PROMPT: Could you restate word for word the lines running from the one with "Você realmente conhece Steven universo?" to the end of the data, both ends included, but without pictures?

DATA BELOW:
::::

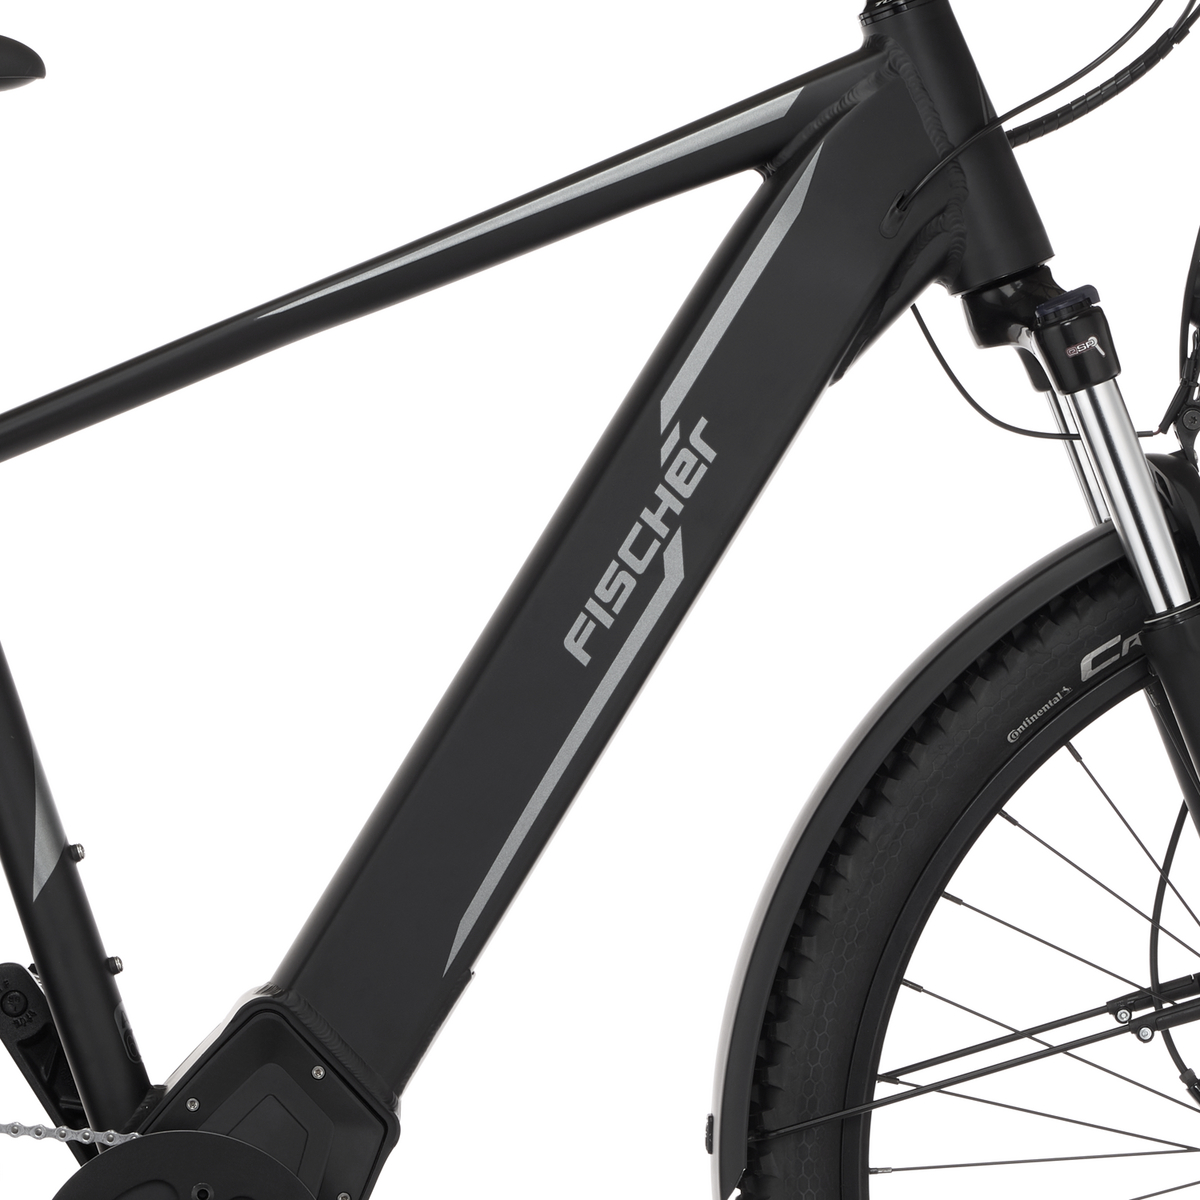 FISCHER All Terrain E-Bike Terra 8.0i - schwarz, RH 55 cm, 29 Zoll
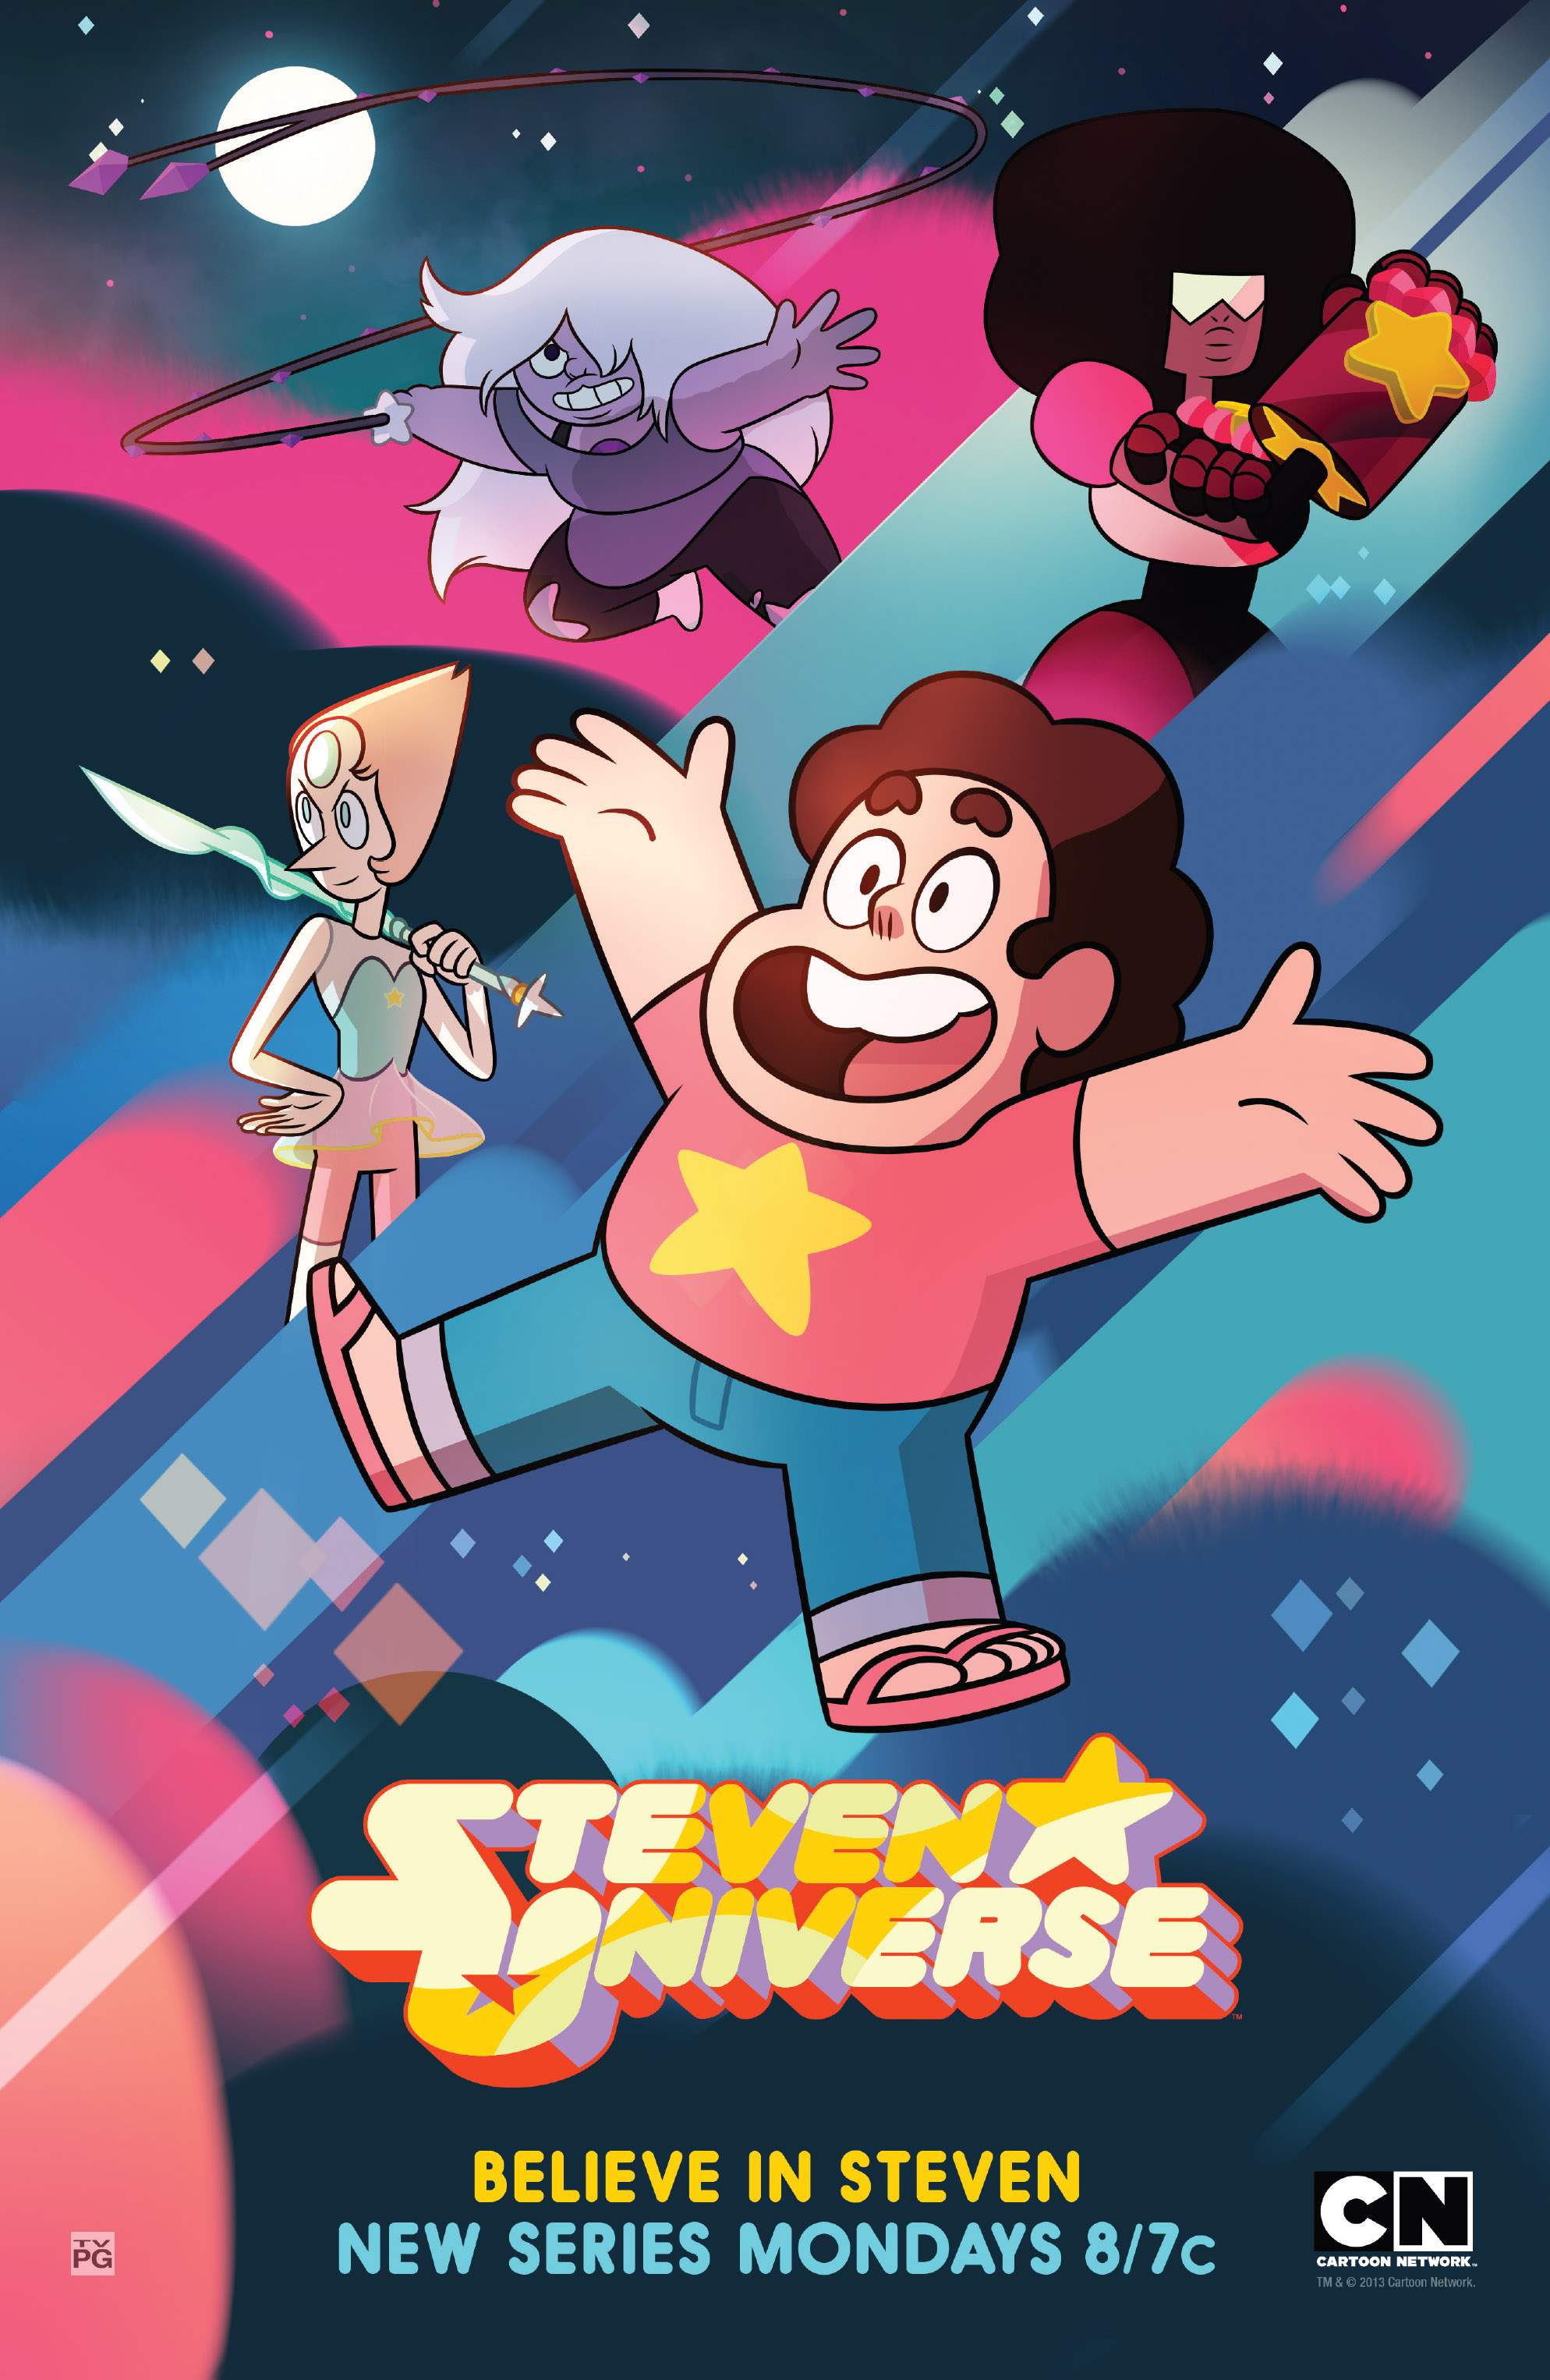 Você realmente conhece Steven universo?
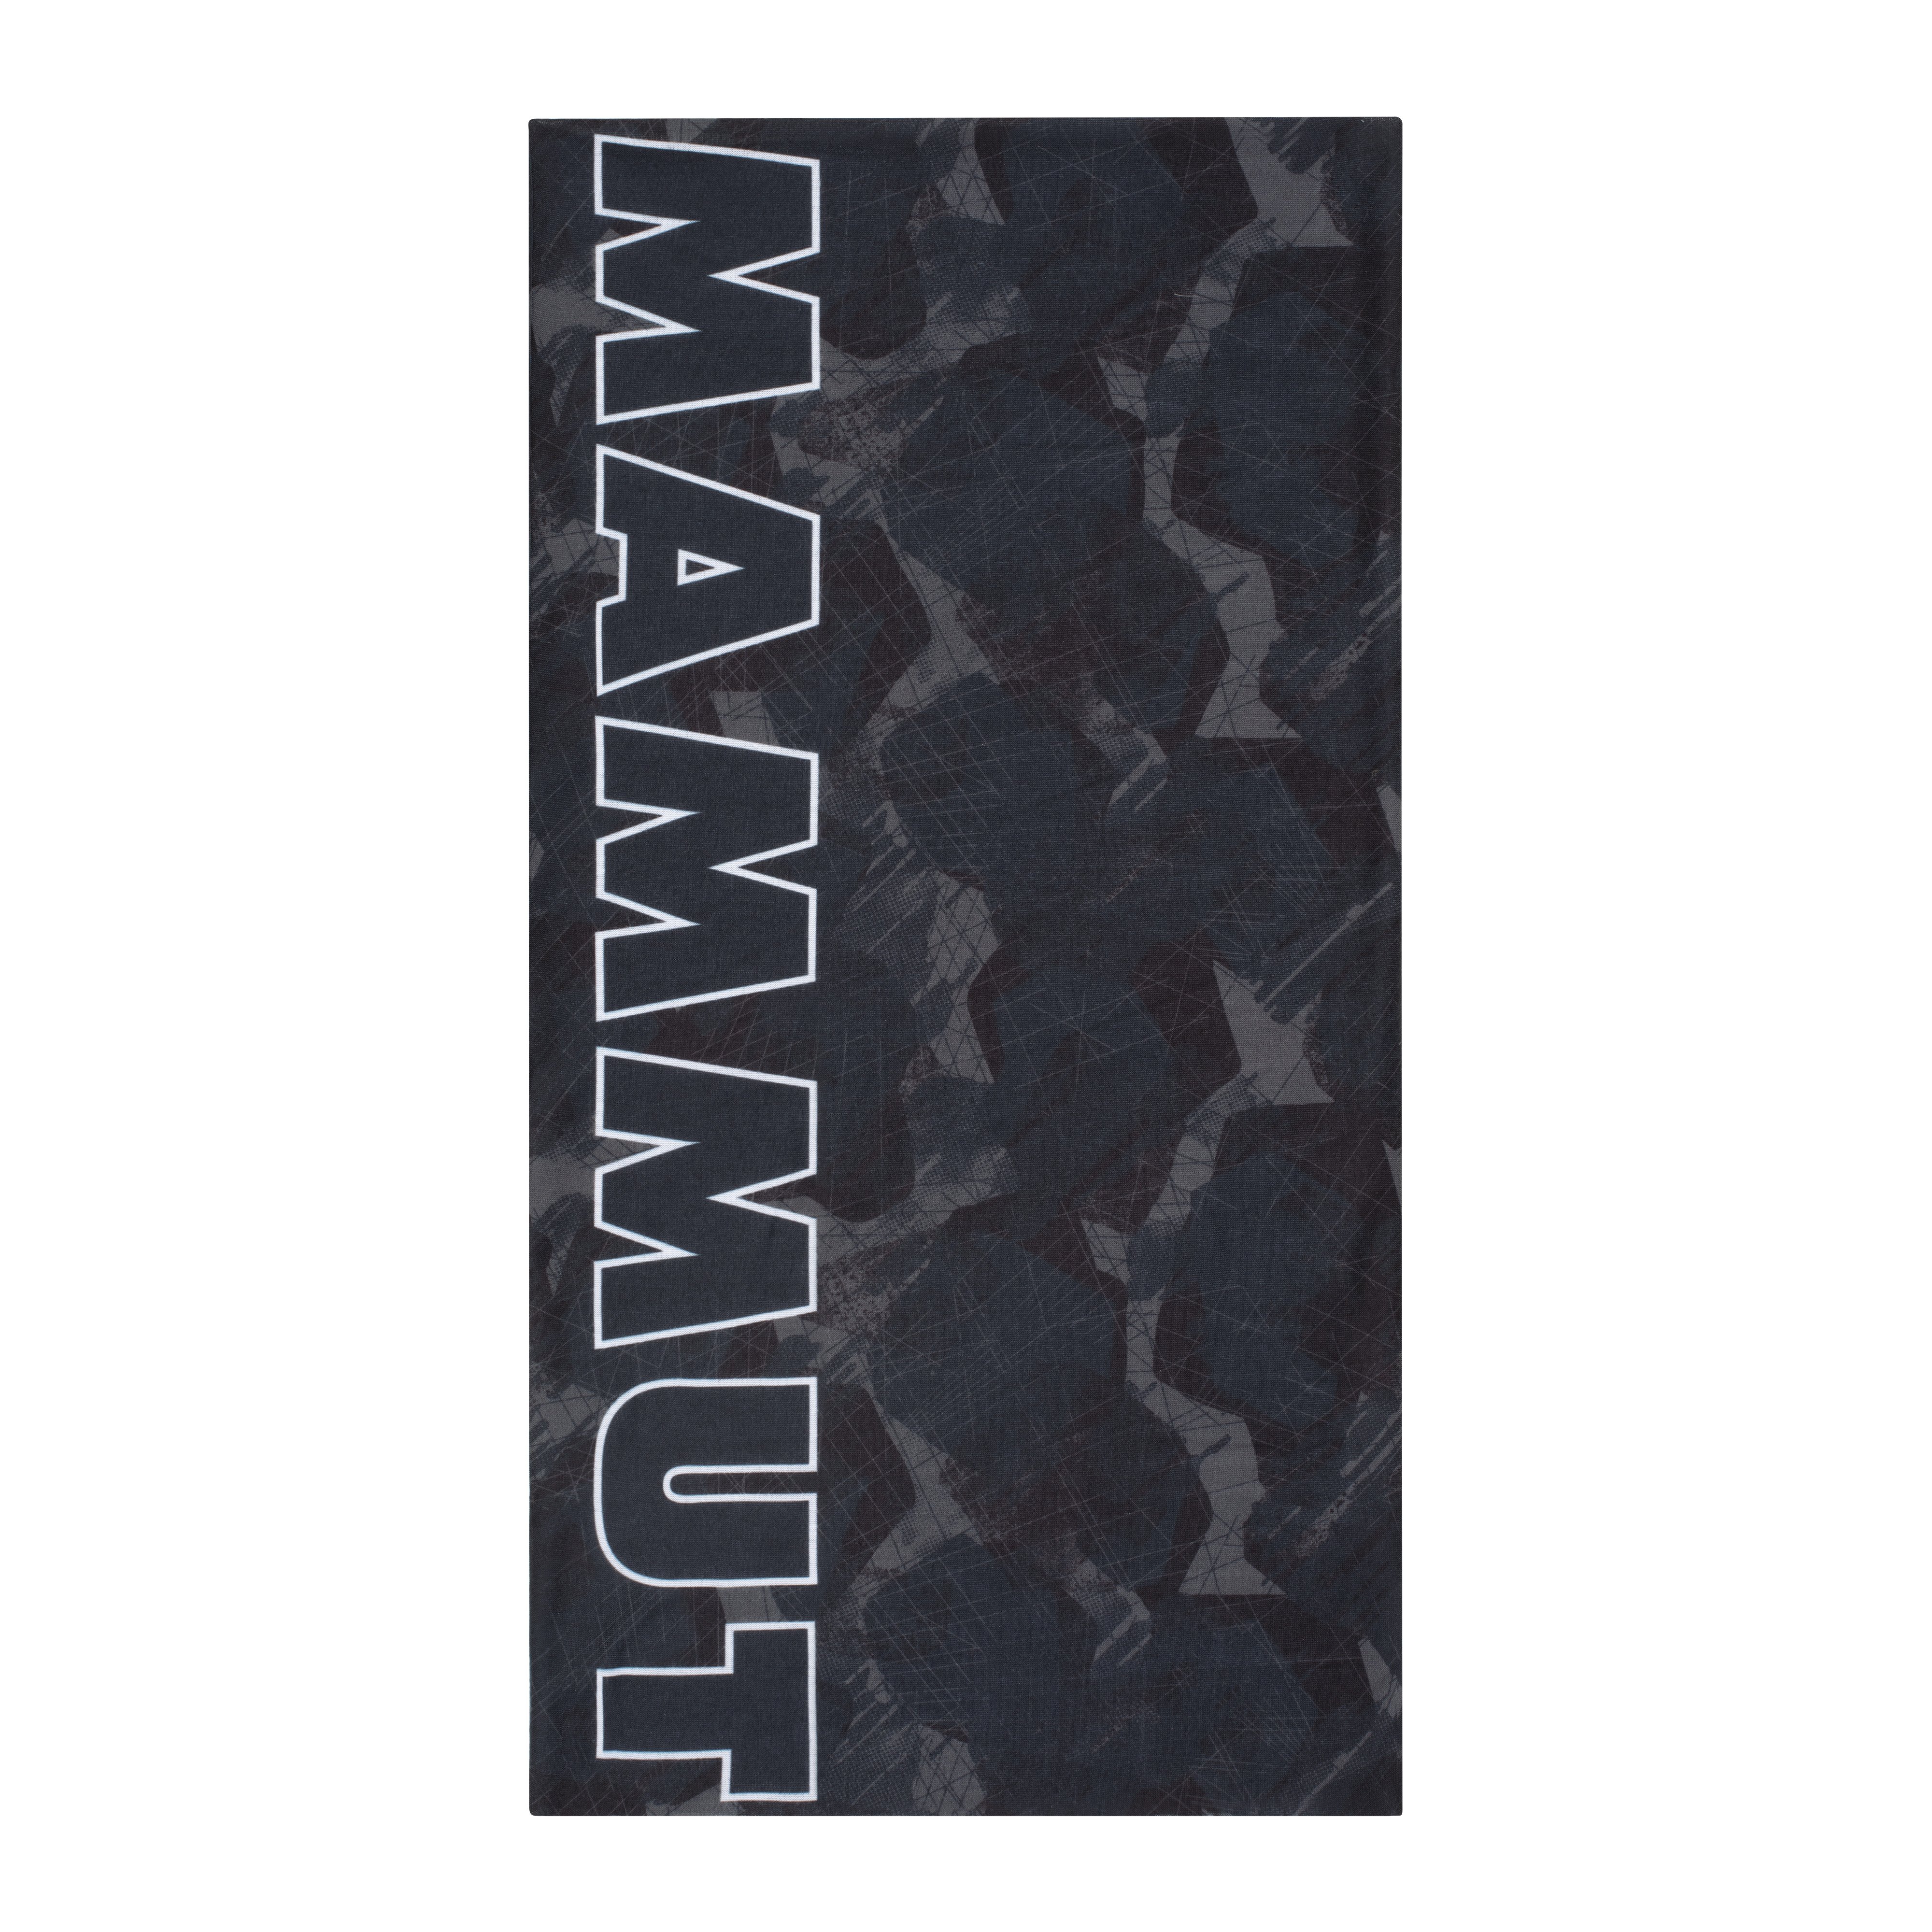 Mammut Neck Gaiter - marine-black camo, one size product image

::::

PROBLEM SOLUTION:
 Você realmente conhece Steven universo?
 Mammut Neck Gaiter - marine-black camo, one size product image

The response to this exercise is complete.